以下是我在Java的Fork-Join框架中未完成的尝试：

public class SumArray extends RecursiveTask<int[][]> {

    private static final int ROW_CUTOFF = 10;
    private static final int COL_CUTOFF = 10;

    int[][] left_;
    int[][] right_;
    int rowLo_;
    int rowHi_;
    int colLo_;
    int colHi_;

    SumArray(int[][] left, int[][] right, int rowLo, int rowHi, int colLo, int colHi) {
        left_ = left;
        right_ = right;
        rowLo_ = rowLo;
        rowHi_ = rowHi;
        colLo_ = colLo;
        colHi_ = colHi;
    }

    @Override
    protected int[][] compute() {
        if (rowHi_ - rowLo_ <= ROW_CUTOFF && colHi_ - colLo_ <= COL_CUTOFF) {
            for (int i = rowLo_; i < rowHi_; i++) {
                for (int j = colLo_; j < colHi_; j++) {
                    left_[i][j] += right_[i][j];
                }
            }
            return left_;
        }
        int rowMid = rowLo_ + ((rowHi_ - rowLo_) / 2); 
        int colMid = colLo_ + ((colHi_ - colLo_) / 2);
        SumArray topLeft = new SumArray(left_, right_, rowLo_, rowMid, colLo_, colMid);
            SumArray topRight = new SumArray(left_, right_, rowMid, rowHi_, colLo_, colMid);
            topLeft.fork()
            int[][] topRightSummed = topRight.compute();
            int[][] topLeftSummed = topLeft.join();
            // ???

我可以类似地找到左下角和右下角阵列，但是如何在保持并行性能的同时加入这些阵列？我应该使用共享内存吗？

Answer 1

在针对此问题抛出线程之前，请优化单核的使用。在这种情况下，CPU缓存未命中会产生可测量的差异。例如，考虑这个示例代码，在一种情况下，它将值array [i] [j]和另一个数组[j] [i]相加。其中一个遭受了较少的CPU缓存未命中，因此比另一个快得多。
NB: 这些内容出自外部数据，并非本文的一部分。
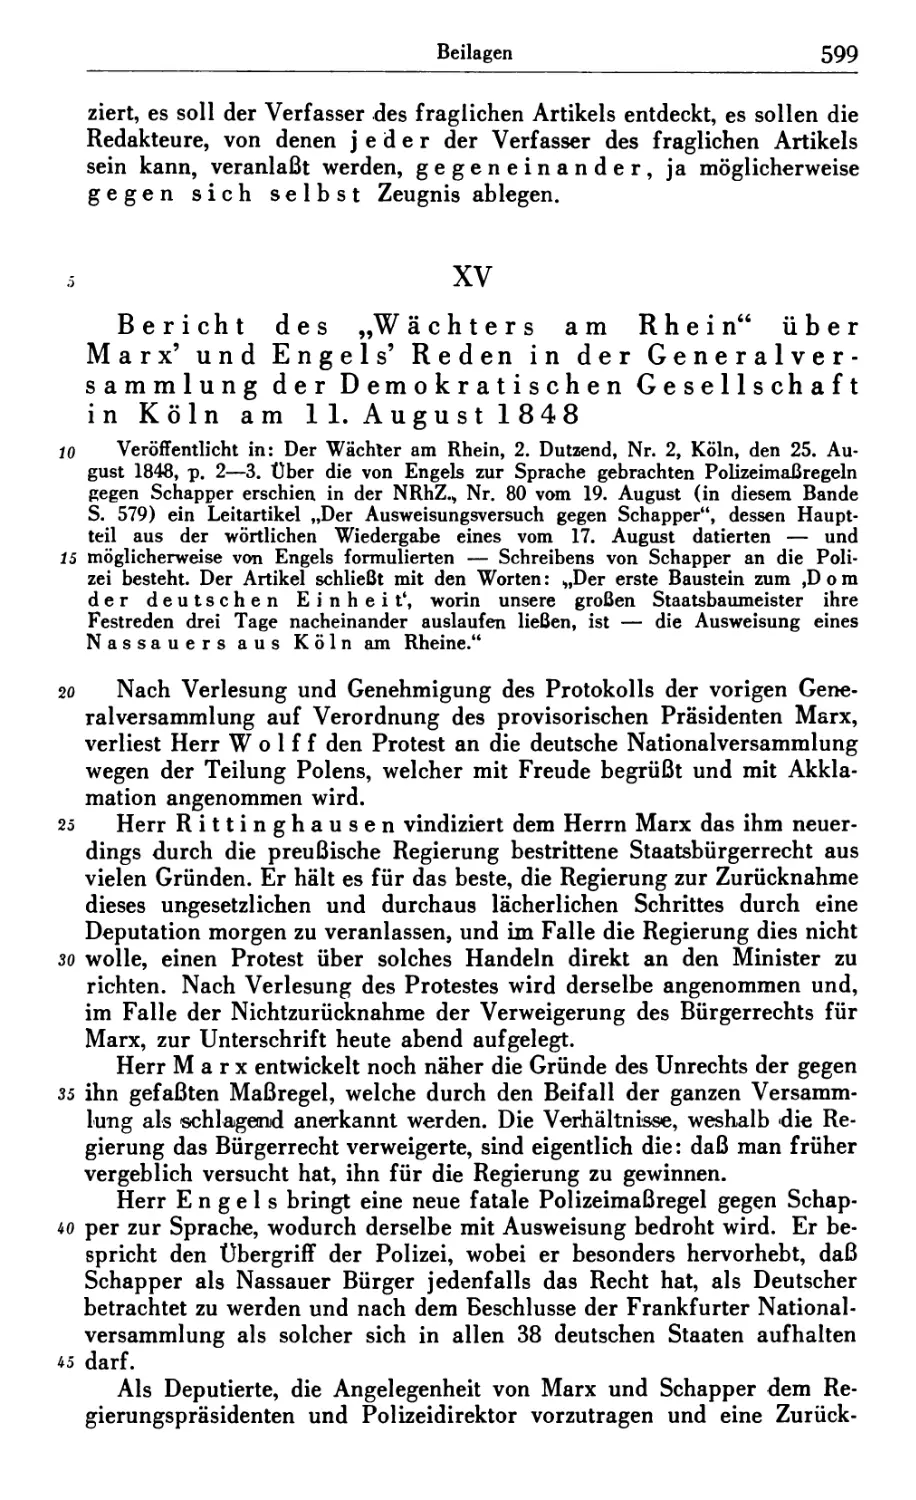 XV. Bericht des „Wächters am Rhein“ über Marx’ und Engels’ Reden in der Generalversammlung der Demokratischen Gesellschaft in Köln am 11. August 1848

以下代码可用于演示该行为。

public class Sum2D {

    public static void main( String[] args ) {
         int[][] data = createGrid(100);

        long sum = 0;
        long start1 = System.currentTimeMillis();
        for ( int i=0; i<100000; i++ ) {
            sum += sumAcrossFirst(data);
        }

        long end1 = System.currentTimeMillis();

        long start2 = System.currentTimeMillis();
        for ( int i=0; i<100000; i++ ) {
            sum += sumAcrossSecond(data);
        }

        long end2 = System.currentTimeMillis();

        double duration1 = (end1-start1)/1000.0;
        double duration2 = (end2-start2)/1000.0;
        System.out.println("duration1 = " + duration1);
        System.out.println("duration2 = " + duration2);
        System.out.println("sum = " + sum);
    }

    private static int[][] createGrid(int size) {
        int[][] data = new int[size][size];

        for ( int x=0; x<size; x++ ) {
            for ( int y=0; y<size; y++ ) {
                data[x][y] = 1;
            }
        }

        return data;
    }

    private static long sumAcrossFirst(int[][] data) {
        long sum = 0;

        int size = data.length;
        for ( int x=0; x<size; x++ ) {
            for ( int y=0; y<size; y++ ) {
                sum += data[x][y];
            }
        }

        return sum;
    }

    private static long sumAcrossSecond(int[][] data) {
        long sum = 0;

        int size = data.length;
        for ( int x=0; x<size; x++ ) {
            for ( int y=0; y<size; y++ ) {
                sum += data[y][x];
            }
        }

        return sum;
    }


}

另一个优化是将int [] []减少到int []，这将涉及更少的指针追逐，现代CPU预取程序将启动并将数组的下一部分保留在其缓存中。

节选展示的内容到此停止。